In their outlook, the managers wrote: “The obvious question on shareholders’ minds following a 5-year period with a disappointing relative outcome will be whether they should remain confident in the prospects for their company’s portfolio. Nothing in life is guaranteed but we believe there are both philosophical and practical reasons for optimism.

“Philosophically we think that shareholders should draw comfort from the consistent approach being applied, which has been successful for long periods in the past, the low turnover of the portfolio, which means that future returns are dominated by business performance rather than trading activities, and the lack of recent interest in what the company is offering, which means that it is unlikely that we are at a peak of optimism where everything is already in the price.
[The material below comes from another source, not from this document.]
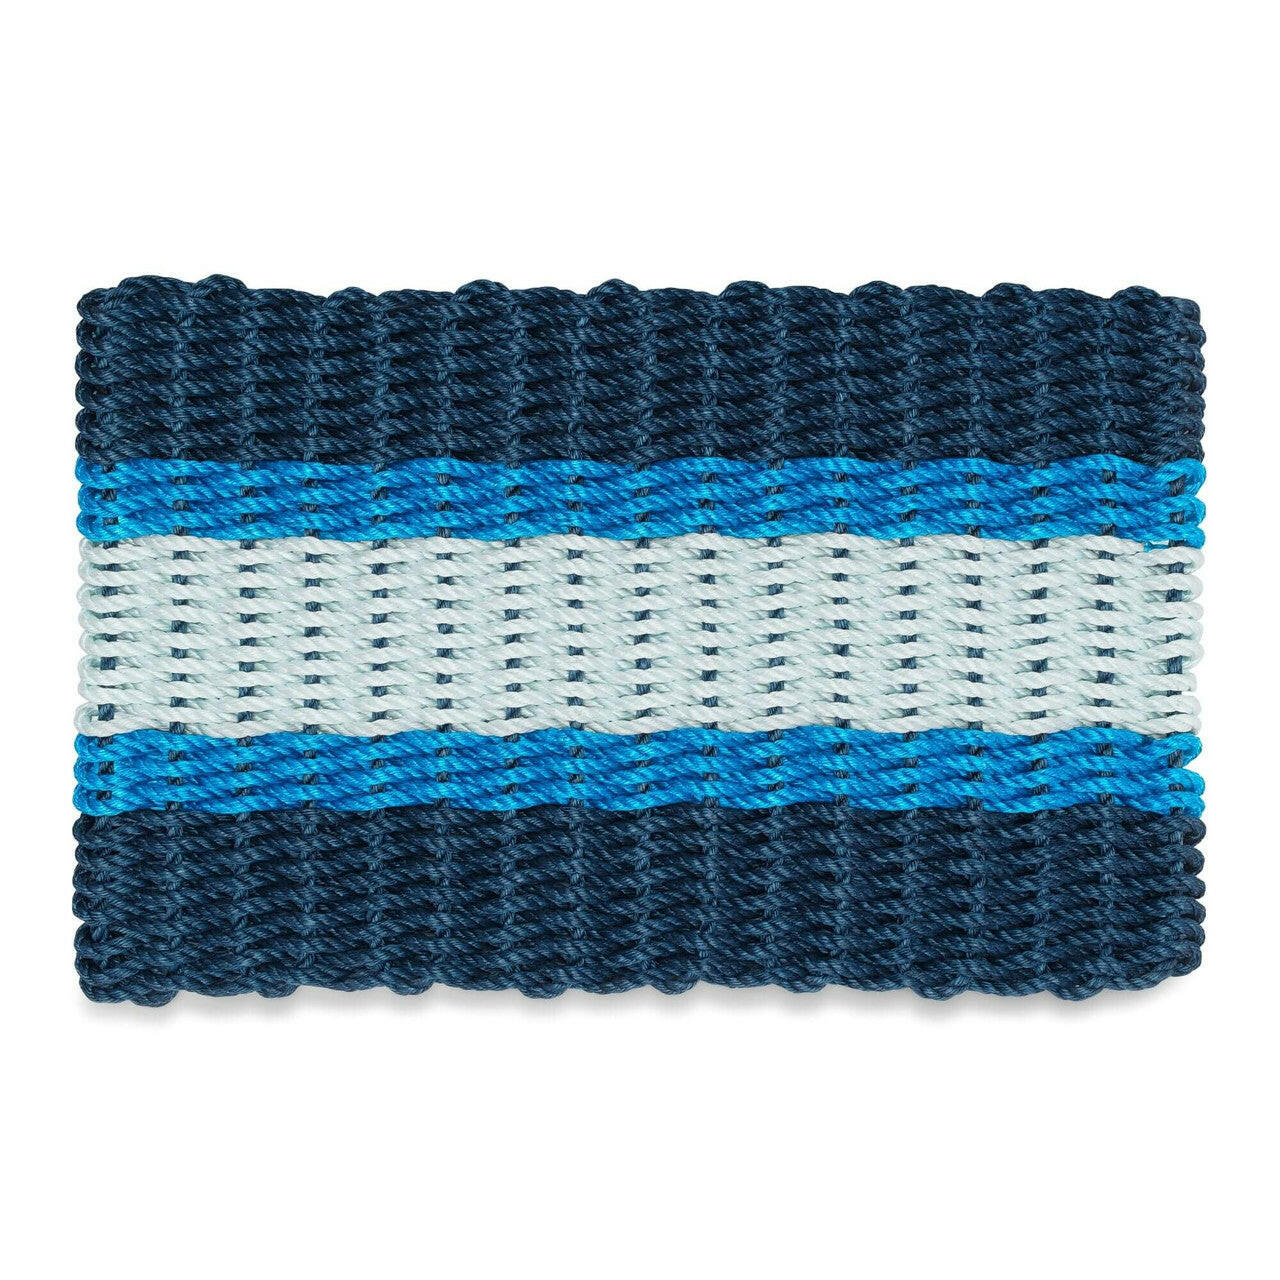 Image of Wicked Good Nautical Rope Doormat, Navy, Light Blue, Seafoam

“Furthermore, Japan remains a useful diversifier for a UK based investor that benefits from an established and stable political system, the rule of law, and an increasing focus on shareholders.

“Practically, it feels increasingly that the new normal post-Covid is similar to the old normal pre-Covid – limited global economic expansion, controlled inflation, with opportunities and risks being presented by technology changes.

“This makes growth a scarce and valuable feature of a business and presents conditions that we believe are more favourable to our style than the recent rapid economic expansion coupled with high inflation which has enabled even weak businesses to show profit growth.

“Finally, although the portfolio that the company holds has demonstrated more sales growth than the market over the past 5 years the gap between the portfolio and the market is forecast to widen with the company’s portfolio forecast to grow by 9.2% p.a. over the next 3 years versus 3.1% p.a. for the market; and earnings growth of the portfolio is also forecast to be more rapid.

“If this superior business growth materialises as anticipated, we are confident we will be able to report on more share price success over the coming years and build on the very modest outperformance over the last half year.”